Consider these stats: Amazon’s parcel value was an estimated 1 billion packages in 2015. That’s what FedEx delivered three years ago. It has 125 distribution centers worldwide and is expanding and building more as fast as Amazonian-ly possible. More than 230,000 full- and part-time employees—not to mention a rapidly growing fleet of robots—are helping to make sure deliveries for nearly every consumer product category under the sun reach their final destinations. At the end of last year, the company reported more than 304 million active customers worldwide. Those customers span the demographic scale, young to old, wealthy to bare bones budget. Its second quarter profit this year was a cool $857 million on a staggering $30 billion in revenue. (That’s about what Nike does in a year.) It expects to be America’s top clothing retailer as early as next year. And, in case anyone in our industry needs reminding, it owns Zappos.

A wholesale exec based in the Seattle area recently recalled the great retailer showing off its might with a low flyover by one of its 40 new Amazon Prime delivery jets during a local festival. No old-school blimp or low-budget crop plane dragged a banner for Amazon. I would have been really impressed if that plane had unleashed a fleet of drones from its cargo hold to make hundreds of same-day, door-to-door deliveries. That will come in time, according to numerous drone-related media reports.

Love, fear, hate Amazon…I often hear all those emotions in the same conversation. Everybody loves a good deal and fast delivery. What consumers love even more is being able to shop whenever, wherever and for whatever. Amazon, in this regard, has taken a lot of the aggravation out of traditional shopping. The time spent getting to and from a store followed by the hit-or-miss nature of that visit—and, worse, the lack of service—is something consumers don’t miss. Perhaps the meteoric rise of Amazon has as much to with what it is doing right as what traditional retailers have been doing wrong. Do consumers regard malls, for example, as ancient tombs as foot traffic statistics seem to indicate? Too much sameness and not enough freshness is a bad retail recipe. Take the joy of discovery, curation, ambiance, entertainment, service and knowledge out of the equation and what are you left with? It’s evident that consumers don’t need—or want—to physically shop for basics in the age of Amazon. Therefore, it’s imperative to offer unique and meaningful reasons to visit a store.

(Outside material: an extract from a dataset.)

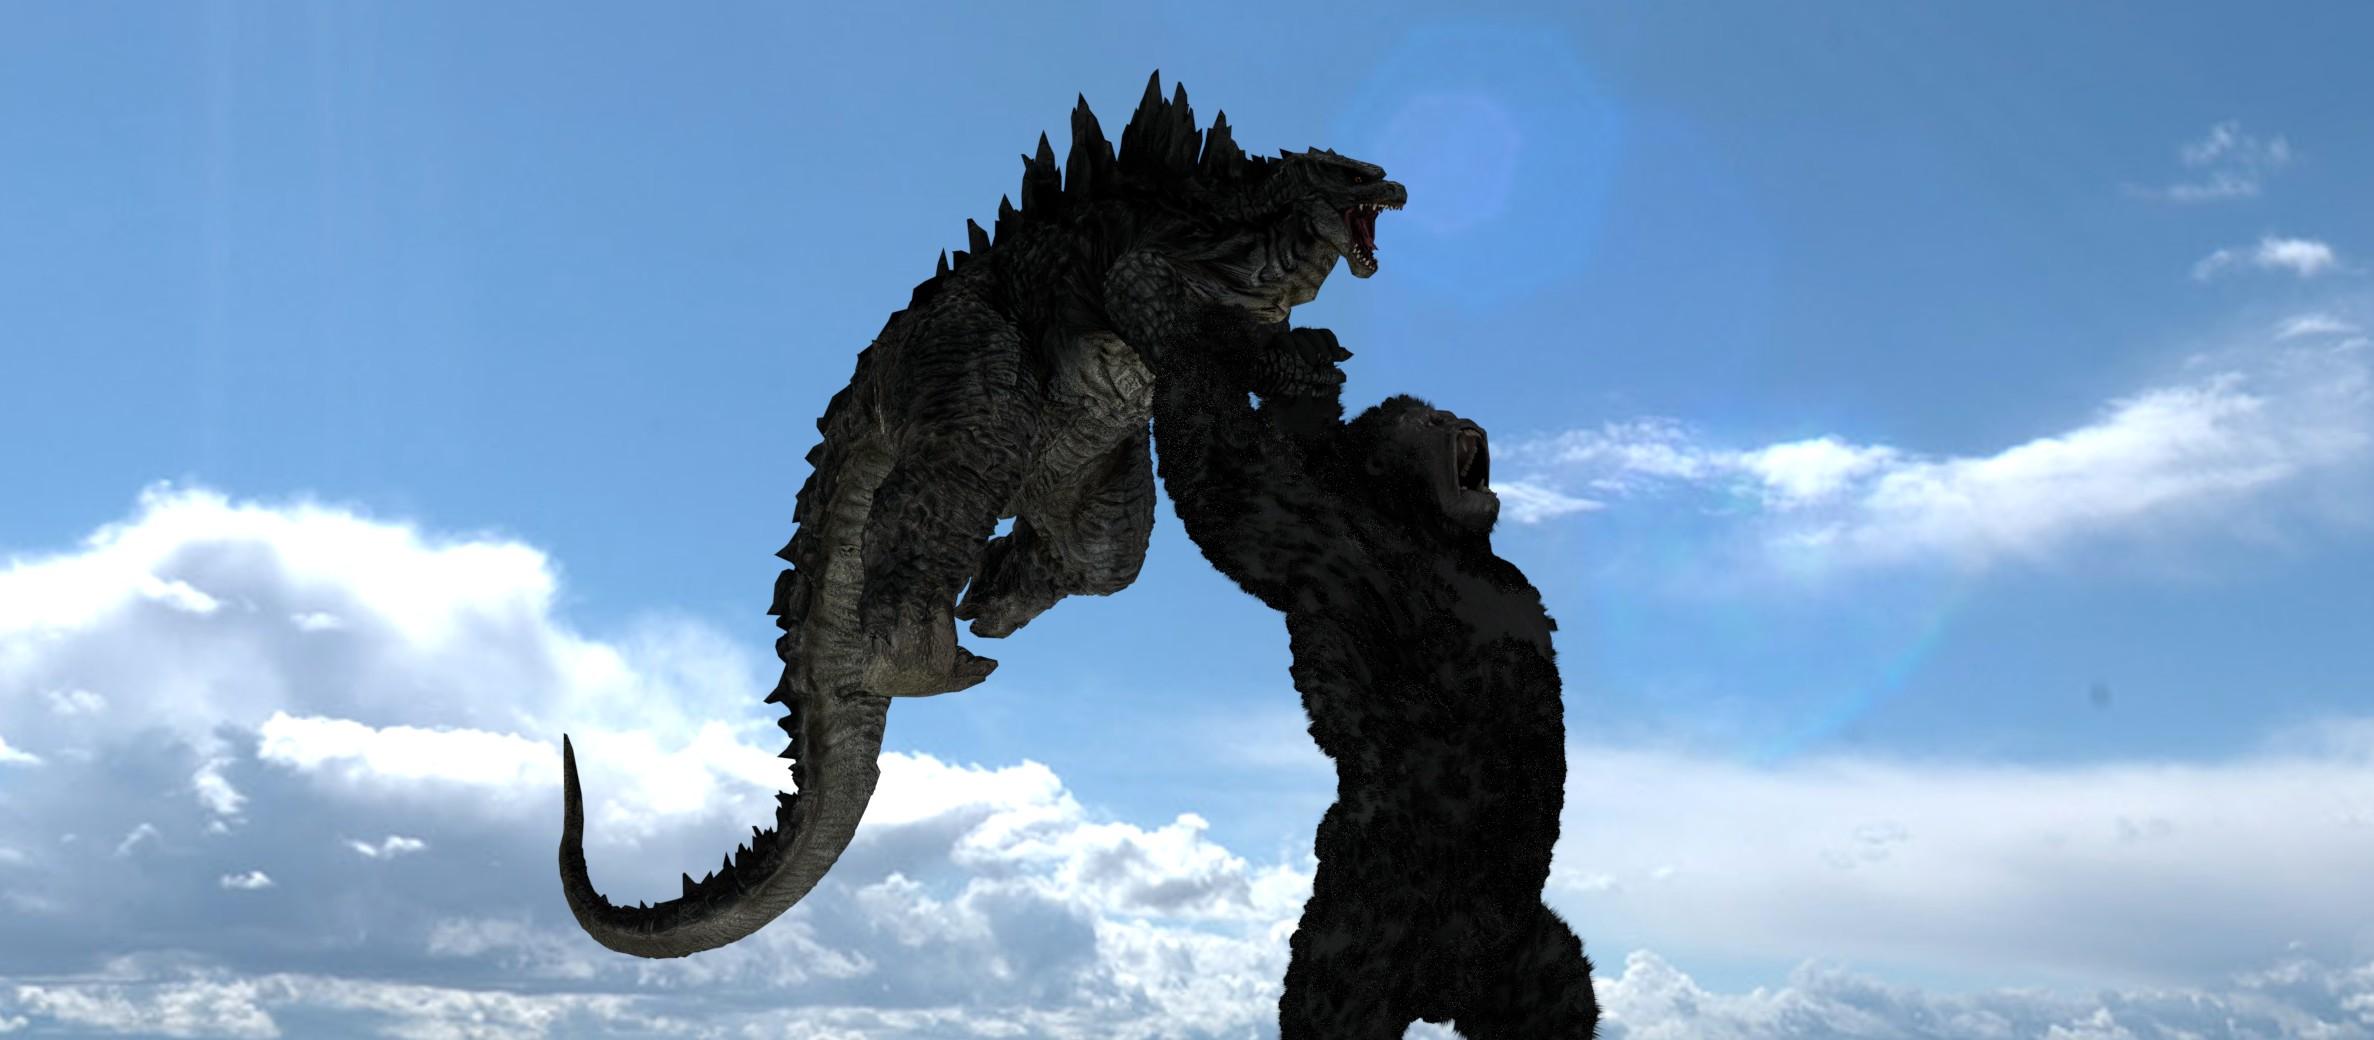 King Kong Vs Godzilla 2020! by kingkong19100 on DeviantArt
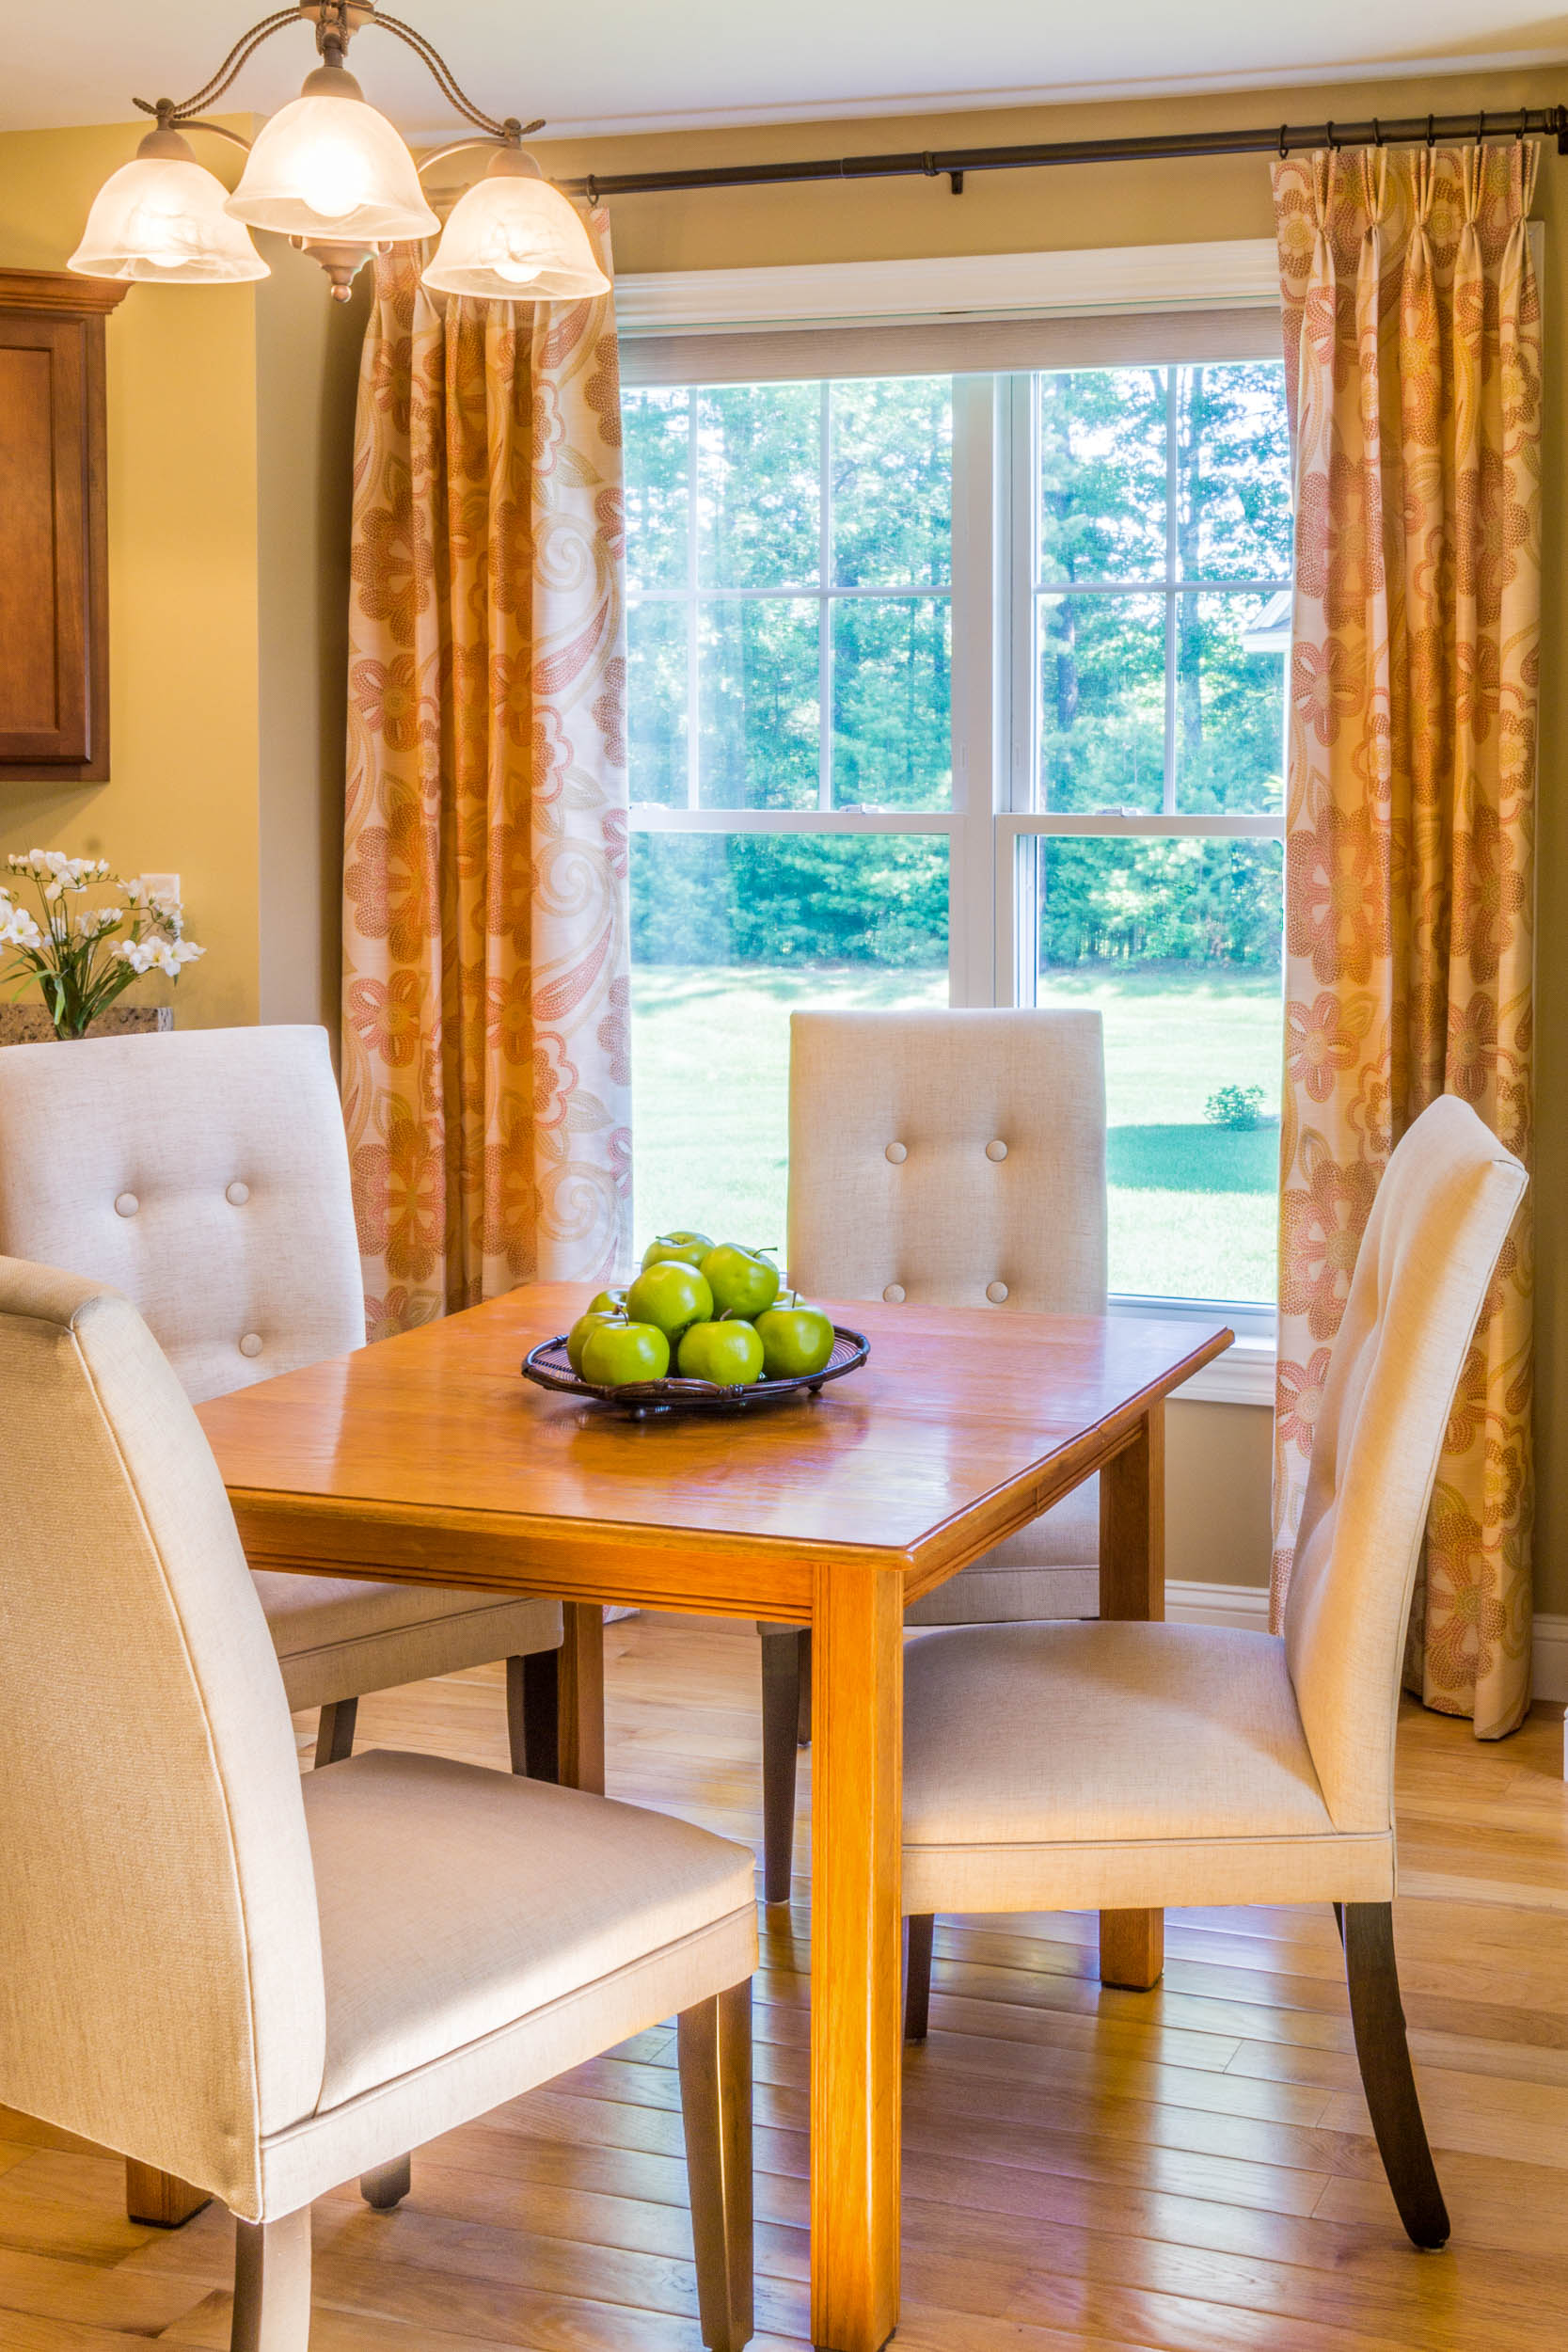 Condominium interior design in Pelham, NH

All things considered, the success of Amazon Marketplace is understandable. And if you can’t beat Amazon’s awareness, reach and platform (who can?), why not piggyback on them? But this is where fear comes into question. What if, say, these third-party retailers are just training their customers to shop on Amazon and not their own sites? And what if, down the road, Amazon decides to do away with this platform, decreeing instead that wholesale brands can only sell direct through its site? Would those customers go back to individual retailers to shop or just buy direct from Amazon? Would they stay in business without Marketplace sales revenue? Would wholesale brands like the mammoth retailer’s potential new terms in a market further cornered? It’s already gotten to the point where many brands are doing so much business through Amazon—direct and Marketplace—that it has become too big to say no to. (One exec confided that the behemoth accounts for upwards of 25 percent of total sales for many leading brands.)

That’s what makes the recent decision by Birkenstock to cease doing business through Amazon all the more compelling. In this month’s Q&A (p. 14), Birkenstock Americas CEO David Kahan discusses why cutting ties with the juggernaut (including authorized retailers selling through Amazon Marketplace) is best for the brand long-term. Kahan says it’s not personal, as other major retailers have been cut off as well. Risky, right or wrong, his convictions are admirable. Rather than be swept up in the surging Amazon wave, he has made a stand. Time will tell whether it was the right decision. Then again, for a 242-year-old brand, time is relative. The Amazon Age is still in its infancy by comparison, and who knows what tomorrow may bring?